Friday, June 27, 2014

Pseudoscience of Dr. Oz

. . Recently, the Senate Subcommittee on Consumer Protection convened a hearing on “Protecting Consumers from False and Deceptive Advertising of Weight-Loss Products.” In attendance was Dr. Mehmet Oz of daytime television, whom Senator Claire McCaskill (D-MO) grilled about his claims about the many questionable weight loss “miracle” cures he has peddled on his show. She reproached him for the false hope he peddles with his “flowery rhetoric.”
. . She added, quite bluntly, “the scientific community is almost monolithic against you in terms of the efficacy of those three products that you called miracles.”

. . Oz has frequently employed the words “miracle,” “magic,” or “revolutionary” when promoting weight loss methods, words that Medical experts would never use in a scientific paper.  Furthermore,  anyone claiming something is miraculous uses it as a ploy to ensnare the gullible. And yet, Oz, who holds degrees from two Ivy League schools and has a professorship at Columbia, commands a massive amount of authority, respect, and influence which Senator McCaskill acknowledged in her plea for him to be more responsible. A study has shown that poor women are much more likely to get their medical advice from television as opposed to physicians or even the Internet.

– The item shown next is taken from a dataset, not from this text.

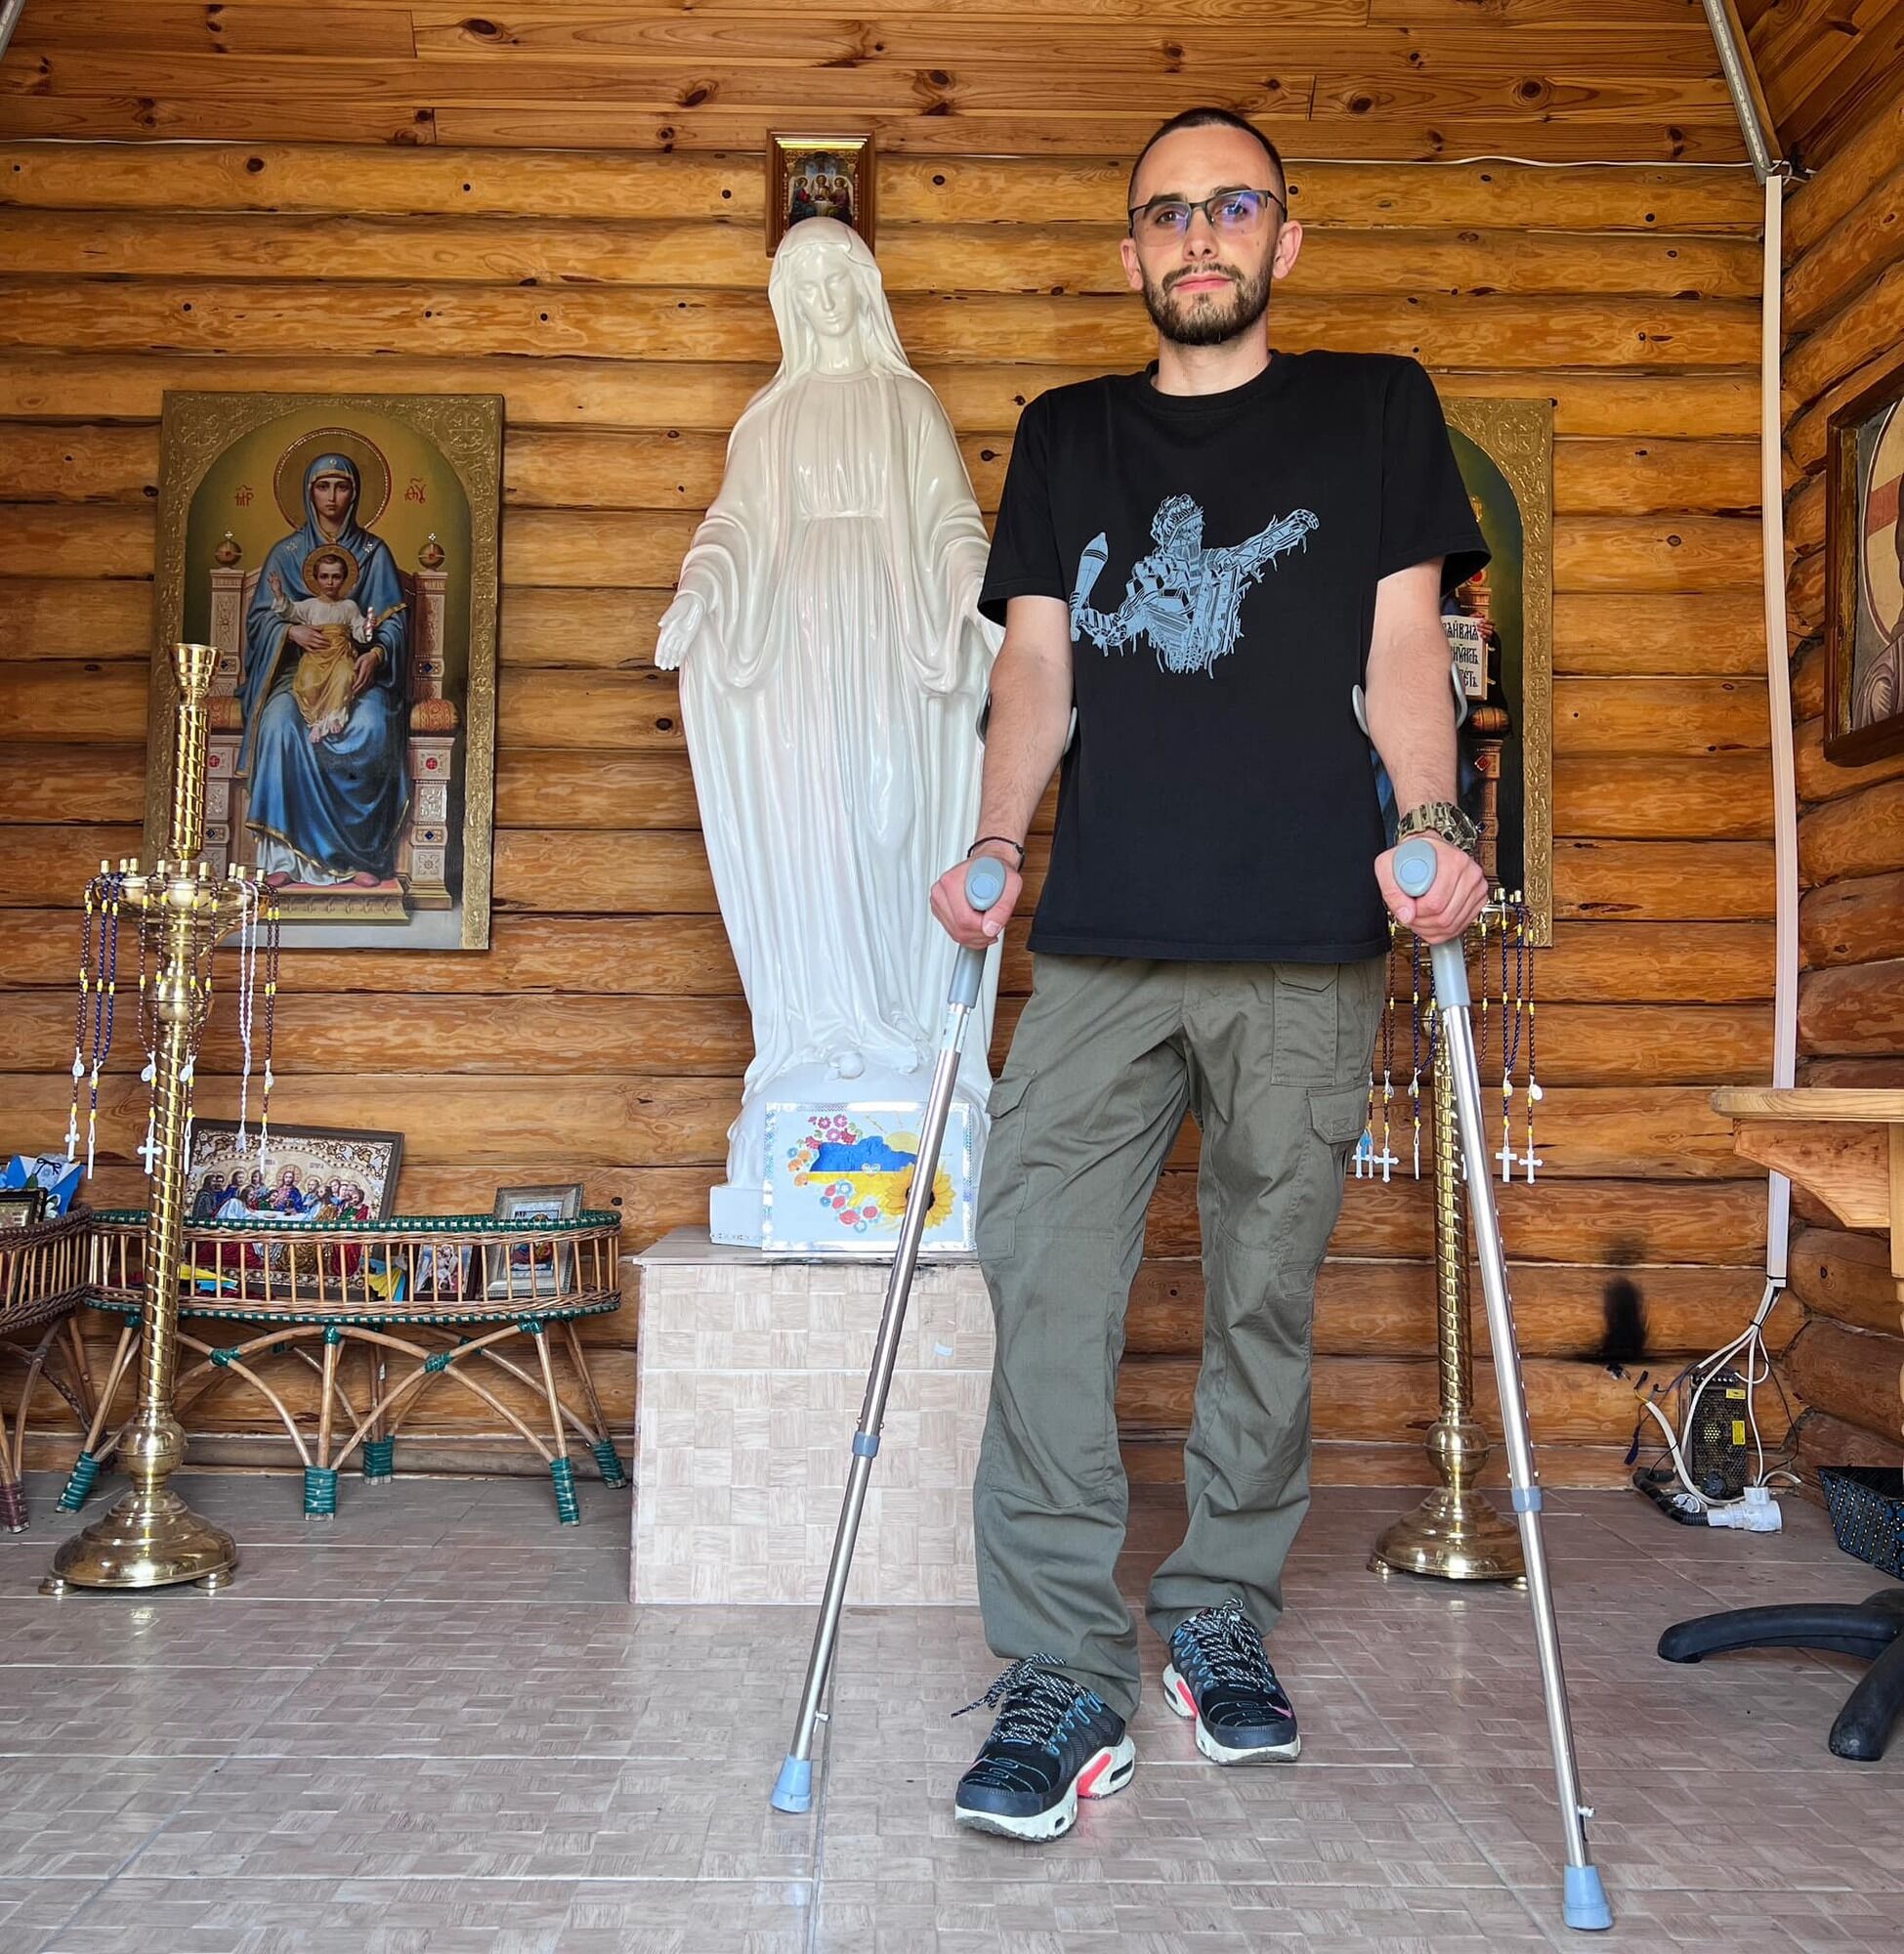 "У тебя же нога есть, я ее визуально вижу": в Харькове члены МСЭК издевались над раненым бойцом. Подробности скандала

. . Oz conceded that, referencing green coffee extract, one of his weight loss products, “I’m not going to argue it would pass FDA muster if it were a drug seeking approval,” and “I recognize oftentimes they don’t have the scientific muster to present as fact.” Yet, he supports these drugs while knowing that they do not stand up to scientific scrutiny.

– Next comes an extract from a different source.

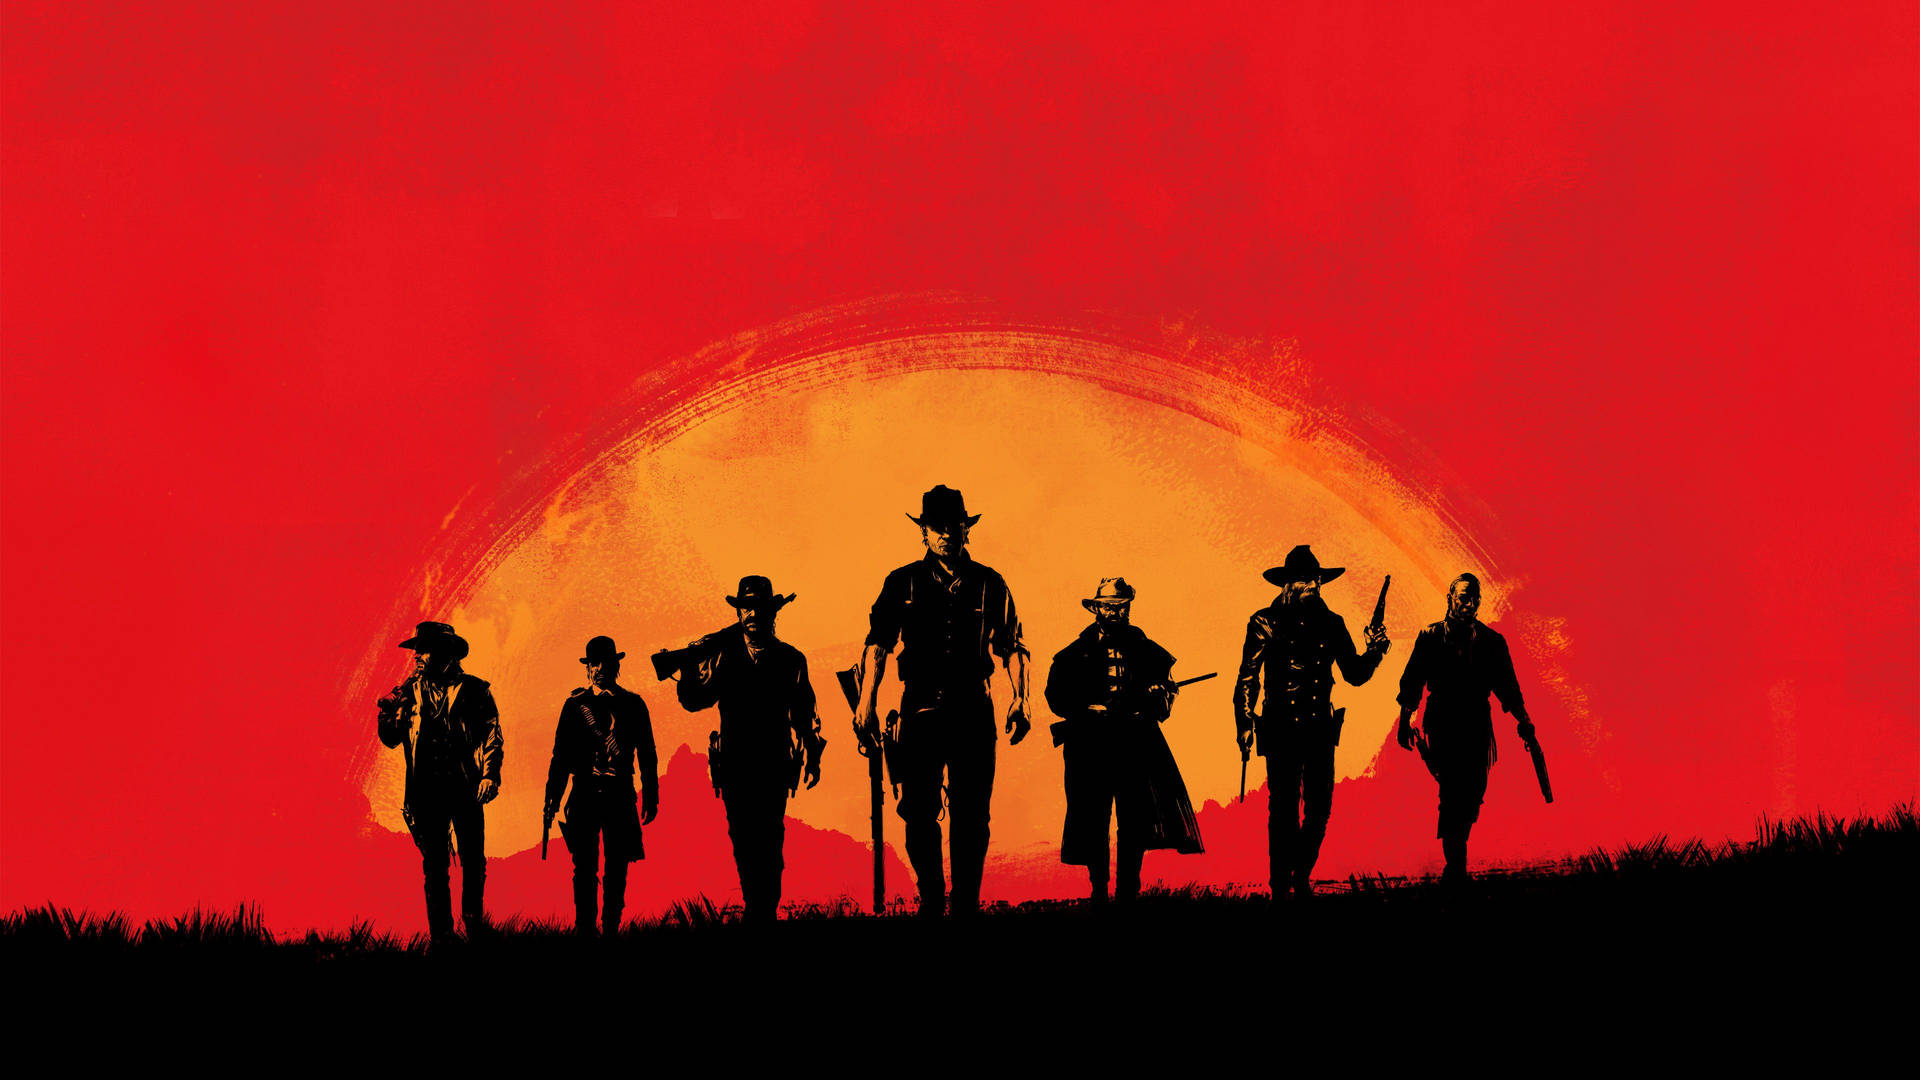 Bestesps4 Red Dead Redemption 2 Wallpaper

. . Oz feels his job on The Dr. Oz Show “is to be a cheerleader for the audience.” McCaskill retorted that he was selling “false hope.” Oz even tried to compare his miracle cures to prayer, while conceding that he “can’t prove that prayer helps people survive an illness.” Senator McCaskill responded, "A least prayer is free.”

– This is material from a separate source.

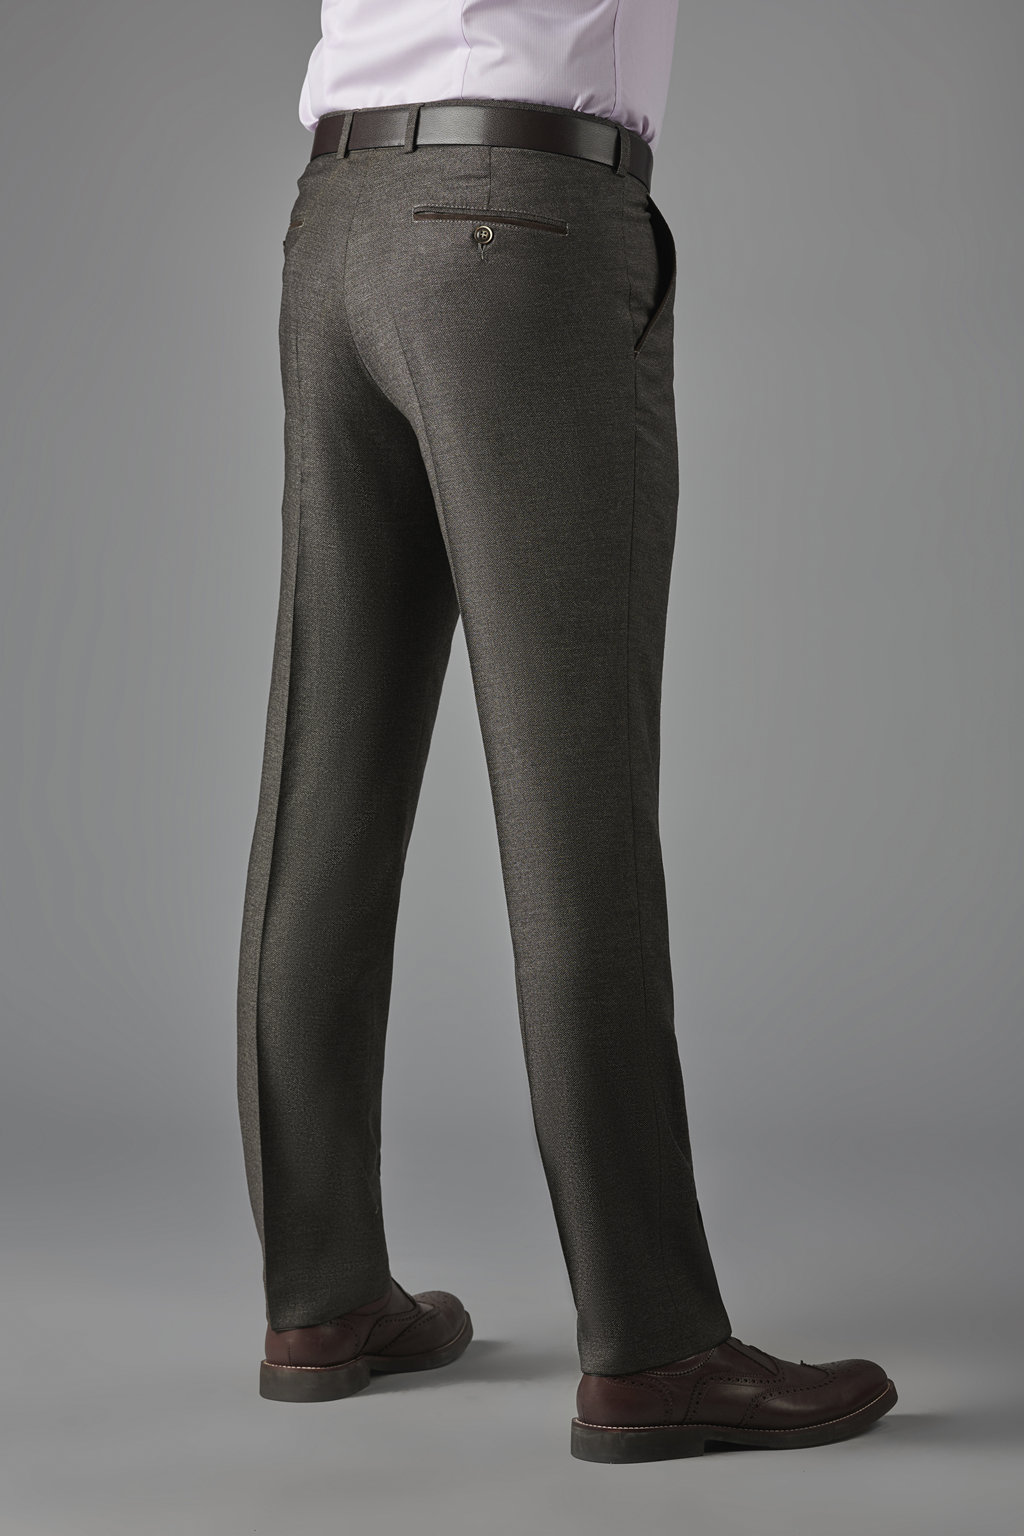 Коричневые брюки из итальянской шерстяной ткани Zignone Slim Fit

. . Frauds and con-artists are well aware of the surge in popularity of the products Oz endorses and so covet his endorsements, creating a phenomenon known as “the Oz effect,” which scams misinformed people. Our world is saturated more than ever with quacks like Dr. Oz, in which a healthy dose of skepticism is necessary more than ever. Celebrity often promises effortless results and contradicts that getting healthy is the result of human understanding, hard work, discipline, and determination, not simply a “miracle in a bottle.”
. . The understanding that the scientific method and education is necessary so that people can see through the pseudo-science that permeates the media. Medical practice should be based on science. Hopefully this hearing will cause people to start paying attention and expose the frauds, such as Oz.